VASCERN includes six Rare Diseases Working Groups: Hereditary Haemorrhagic Telangiectasia (HHT-WG), Heritable Thoracic Aortic Diseases (HTAD-WG), Medium Sized Arteries (vascular Ehlers Danlos Syndrome) (MSA-WG), Pediatric and Primary Lymphedema (PPL-WG), Vascular Anomalies (VASCA-WG), and Neurovascular Diseases (NEUROVASC). This scope will enlarge to include all Rare Multisystemic Vascular Diseases. The European Patient Advocacy Group (ePAG) enables patient representatives to work on common issues and to be involved in all activities. In addition, several Thematic Working Groups are established to better tackle transversal issues on: communication, ethics, patient registry, and pregnancy.

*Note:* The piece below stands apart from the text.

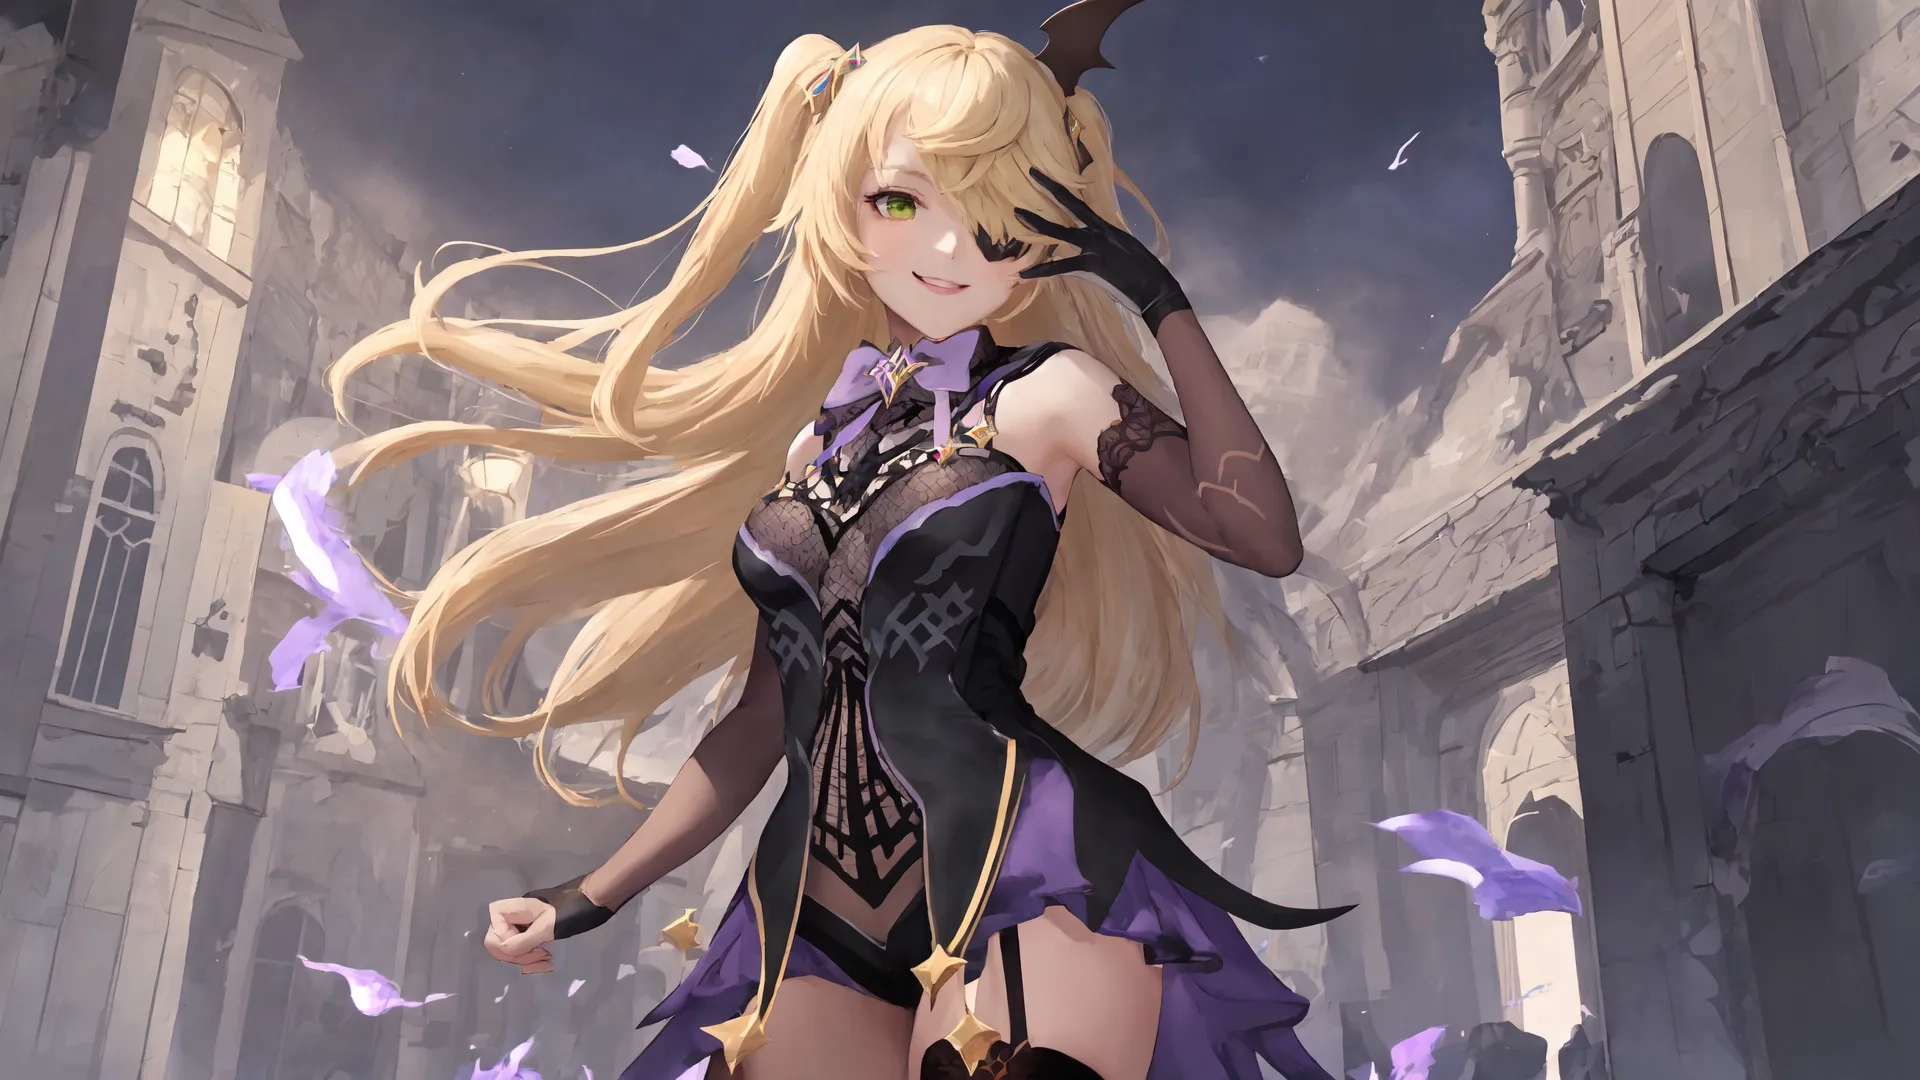 a anime girl on the ground in an elaborate dress and horned hat next to ruins with purple flowers flying nearby and a long haired woman with blonde hair

All our HCP Members are Expert Centers recognized in their countries. These HCPs have developed extensive European collaborations through their specific Rare Diseases’ networks. They joined this ERN to foster and reinforce European cooperation in Rare Multisystemic Vascular Diseases, following a common and multidisciplinary approach to patient care to overcome the challenges of rarity.
They are committed to improve diagnosis, treatment, and care for and with patients by using all opportunities and activities, which can be offered by VASCERN.